The U.S. Office of the Director of National Intelligence is matching the technology needs of the intelligence community to the capabilities of the private sector with the goal of speeding innovation to the user community as well as introducing community specialists to new technologies.
This program eschews individual matchmaking between separate intelligence disciplines in favor of a broad effort that encompasses all the technological needs of the intelligence community. The idea is to cast a net across the intelligence research community to collect ideas and innovations that might be applied to areas where they are not even known.
And this matchmaking is not limited to private sector technologies. Federal research facilities that traditionally are not connected to the intelligence community also are part of the potential solution mix.
This partnership is at the core of the Intelligence Science and Technology Partnership, or In-STeP. It is based in the Office of the Director of National Intelligence (ODNI) science and technology division, which is under the Office of Acquisition, Technology and Facilities.
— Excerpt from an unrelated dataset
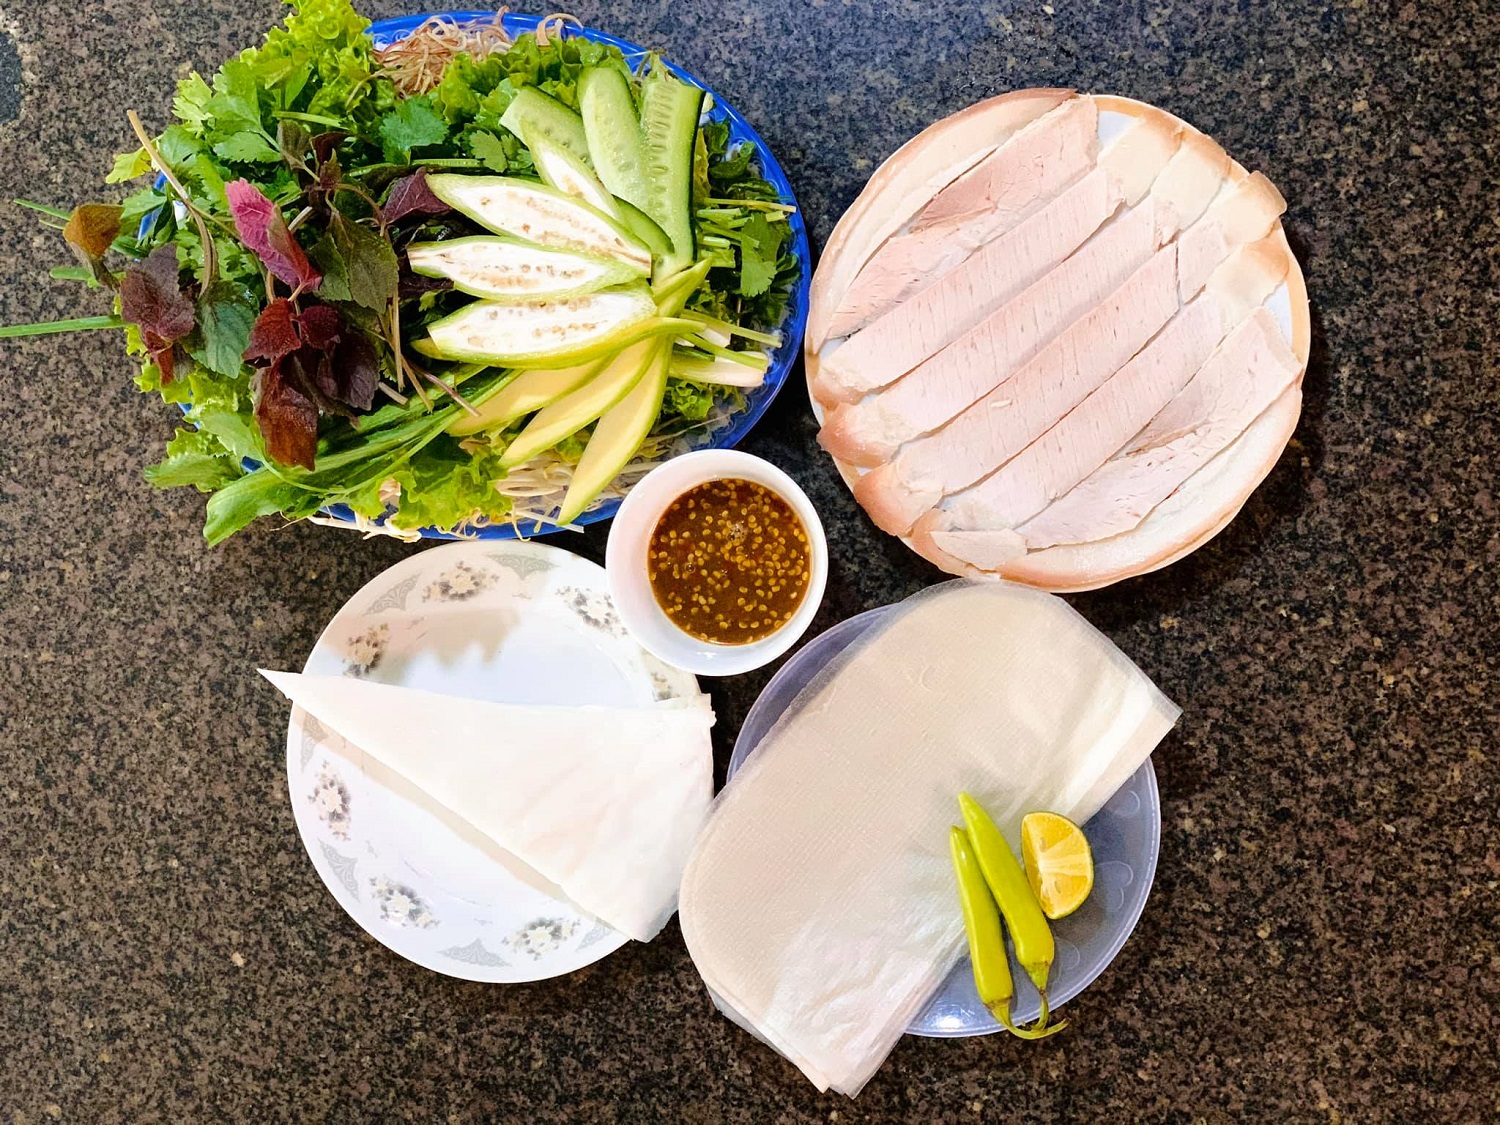 Thơm ngon món bánh tráng cuốn thịt heo Đà Nẵng - iVIVU.com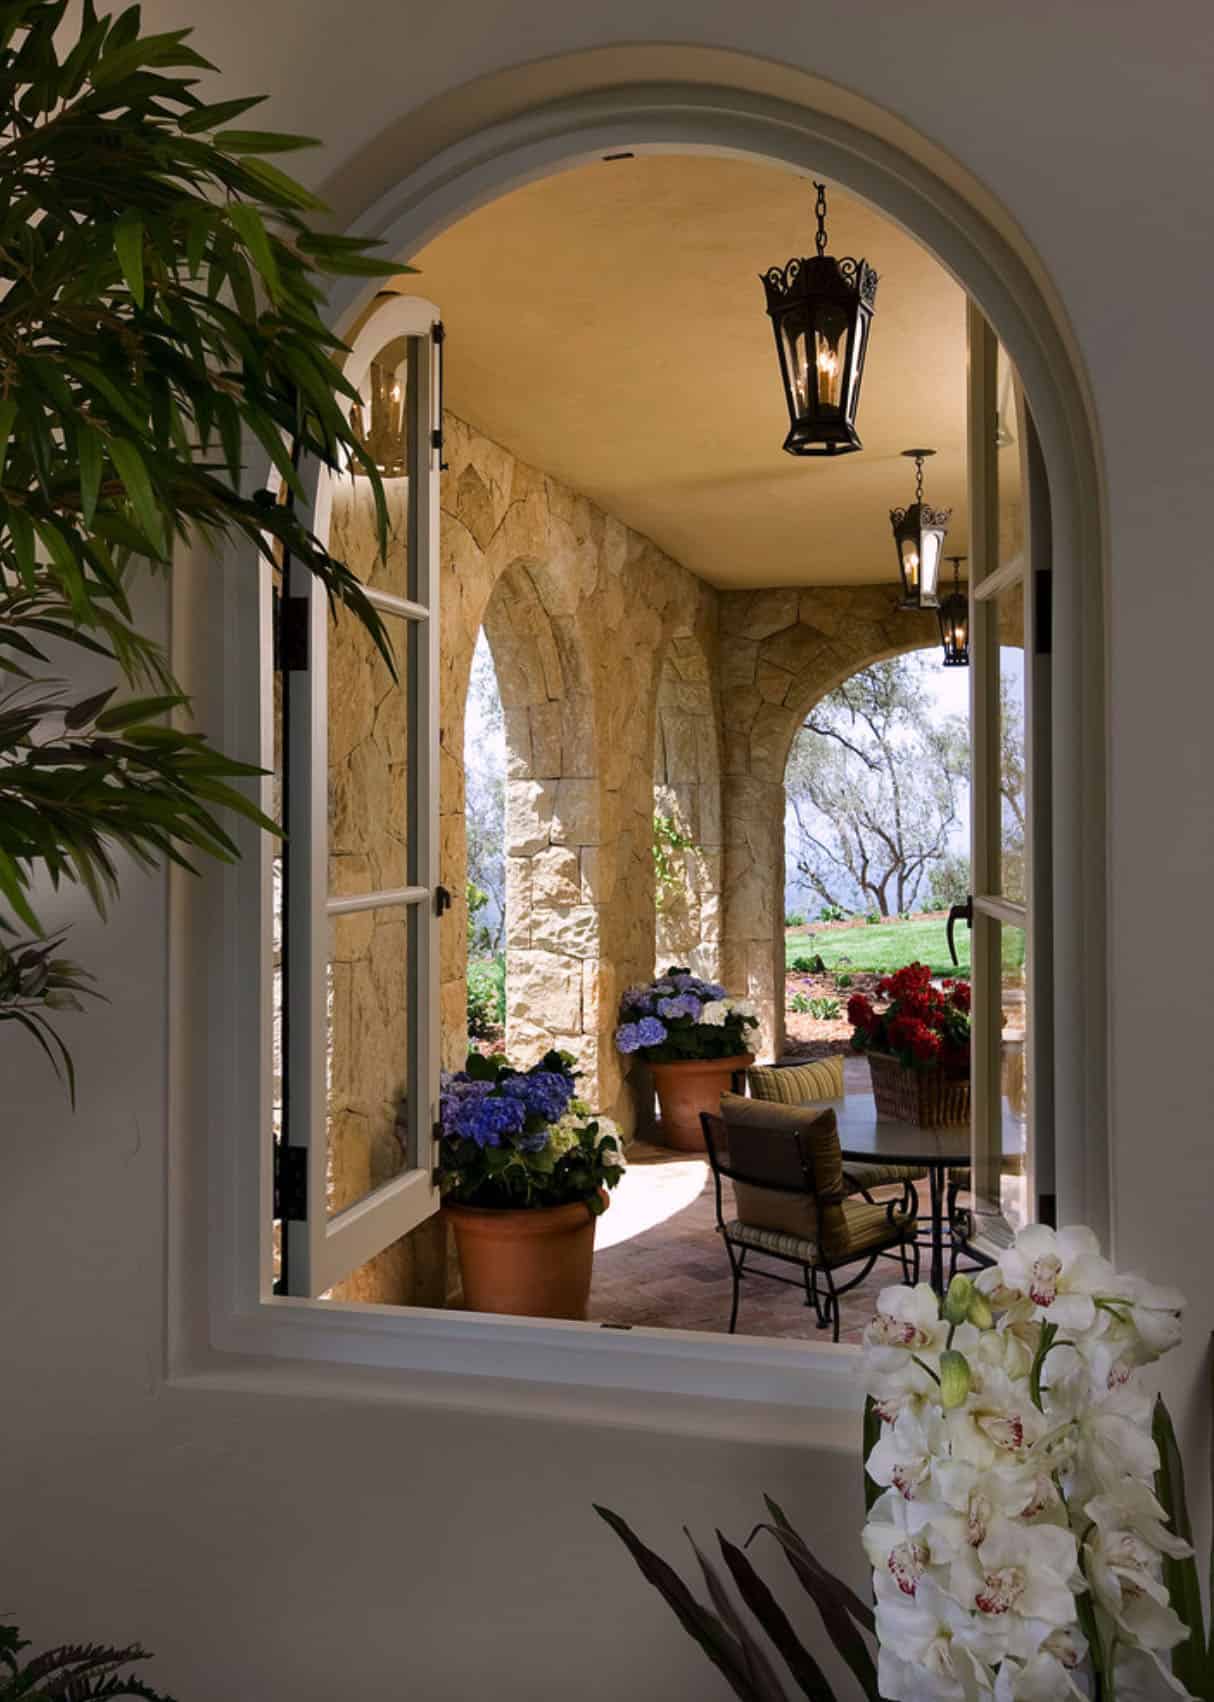 mediterranean-style-window-and-porch

Aligning public and private sector efforts requires having a clear understanding of community needs as well as knowing where industry is going, points out David M. Isaacson, lead for In-STeP. In-STeP aims for both shared ownership and shared responsibility, he says. What might enable In-STeP to succeed where other government-industry partnerships have faded into obscurity is that industry will have a role in developing the strategy that will be pursued, explains David A. Honey, director of science and technology and assistant deputy director of national intelligence for science and technology.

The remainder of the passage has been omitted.